© Reuters. FILE PHOTO: Solar panels are built at the QCells solar energy manufacturing factory in Dalton, Georgia, U.S., March 2, 2023. REUTERS/Megan Varner/File Photo
(Reuters) – The U.S. Treasury on Thursday unveiled proposed guidelines for manufacturers seeking to claim a tax credit for making clean energy components like solar panels and batteries, a move aimed at powering the energy transition with American-made products.
The subsidy, created by U.S. President Joe Biden’s climate measure, the Inflation Reduction Act (IRA), is meant to create domestic jobs and reduce reliance on China in the turn away from fossil fuels.
“No matter how much we spend, we know that China is likely to outspend us when it comes to their investment in clean energy,” Wally Adeyemo, deputy Treasury secretary, said on a call with reporters. “What we’re doing is something different.”
The so-called 45X tax credit for advanced manufacturing offers credits for each product made in the United States. The amount of credit depends on the component. Producers of critical minerals used in products like electric vehicle batteries receive 10% of their production costs.
The proposed rules clarify the definitions of eligible components like inverters, wind turbine parts and photovoltaic solar equipment. They also confirm credit amounts and include provisions to prevent claiming tax credits twice for the same component.
The guidance is subject to 60 days of public comment, which Treasury said it will consider before issuing final rules.

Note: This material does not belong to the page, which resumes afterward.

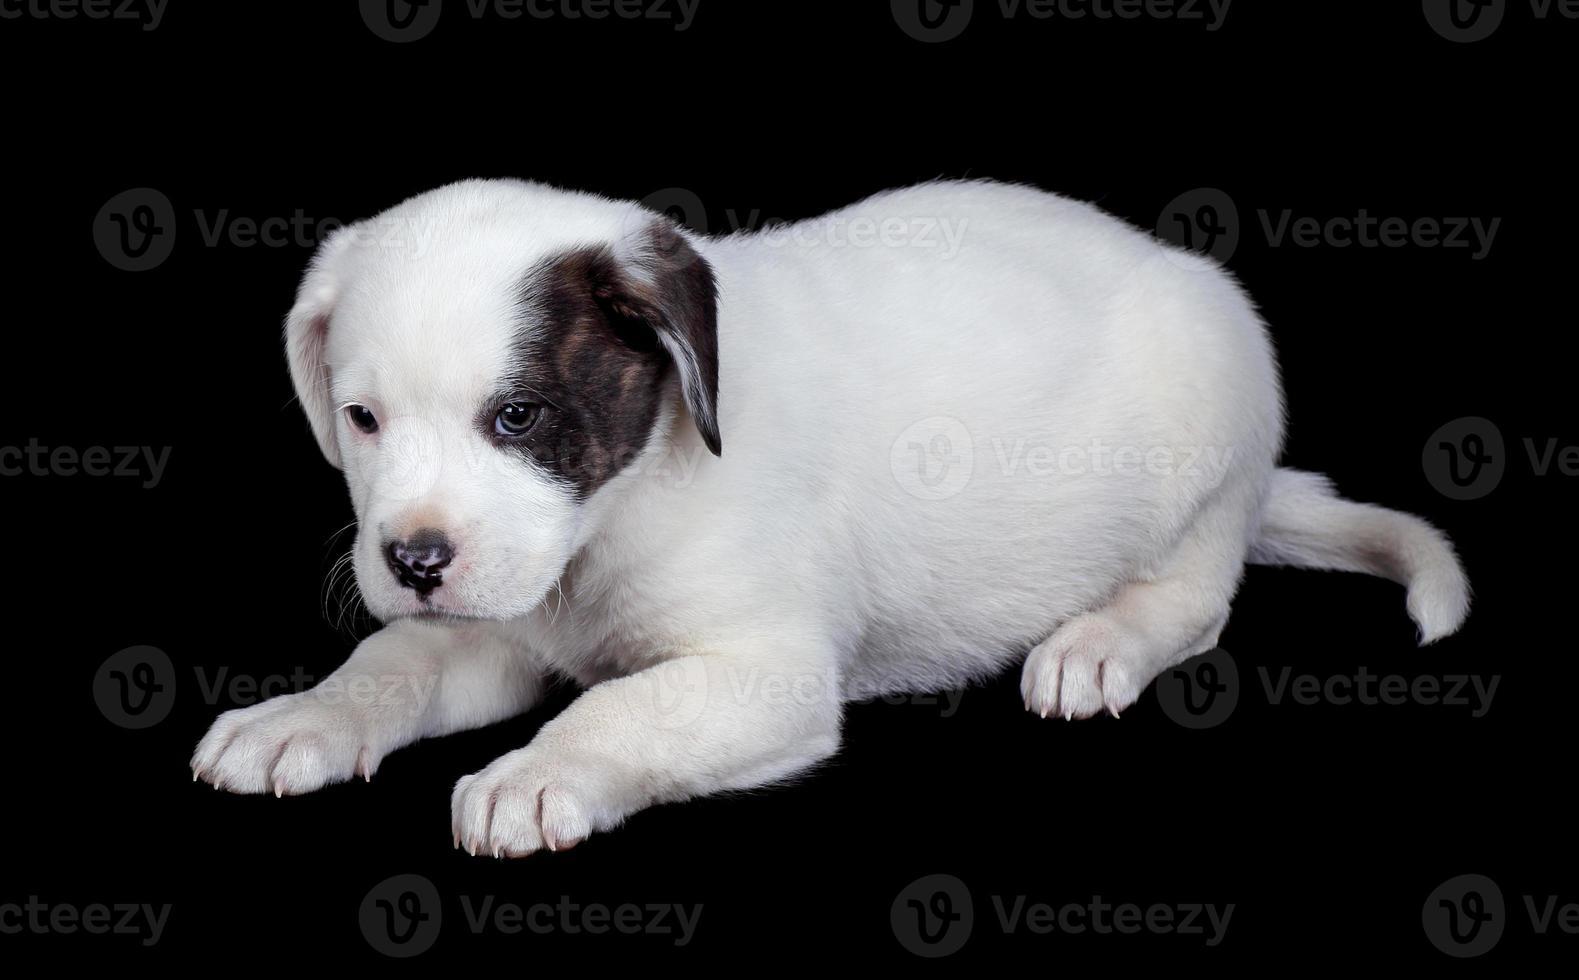 cucciolo bianco isolato sul nero foto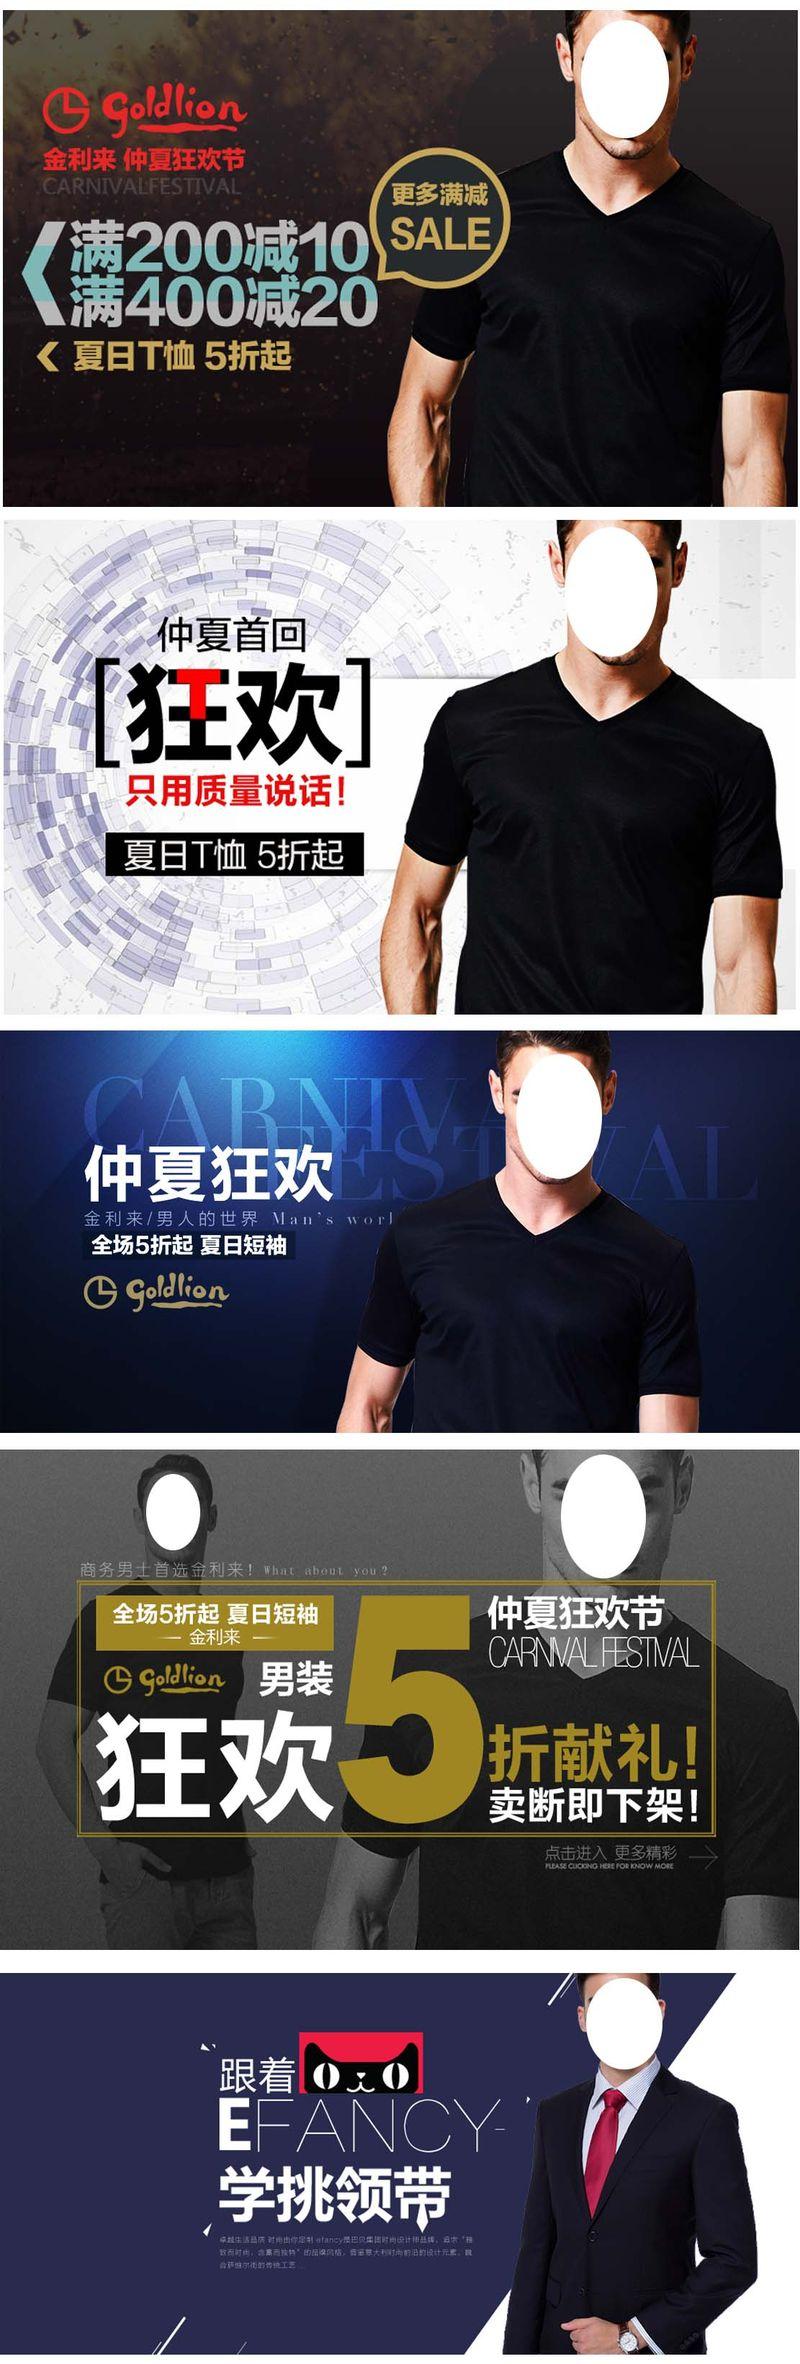 淘宝天猫男装促销广告海报图片

Companies have announced $140 billion in clean energy manufacturing investments since passage of the IRA in August 2022, the Treasury Department said. Manufacturers have said that the Treasury rules are critical for moving forward with their planned investments.
“What 45X is demonstrating is that we’re creating a manufacturing renaissance here in the United States that’s being led by U.S. companies,” Adeyemo said.
The department said an analysis of IRA manufacturing investments showed that 69% are in counties where the median household income is below the nationwide median.
The credits will begin phasing out in 2030 and end after 2032 for clean energy components. Critical mineral credits will not phase out.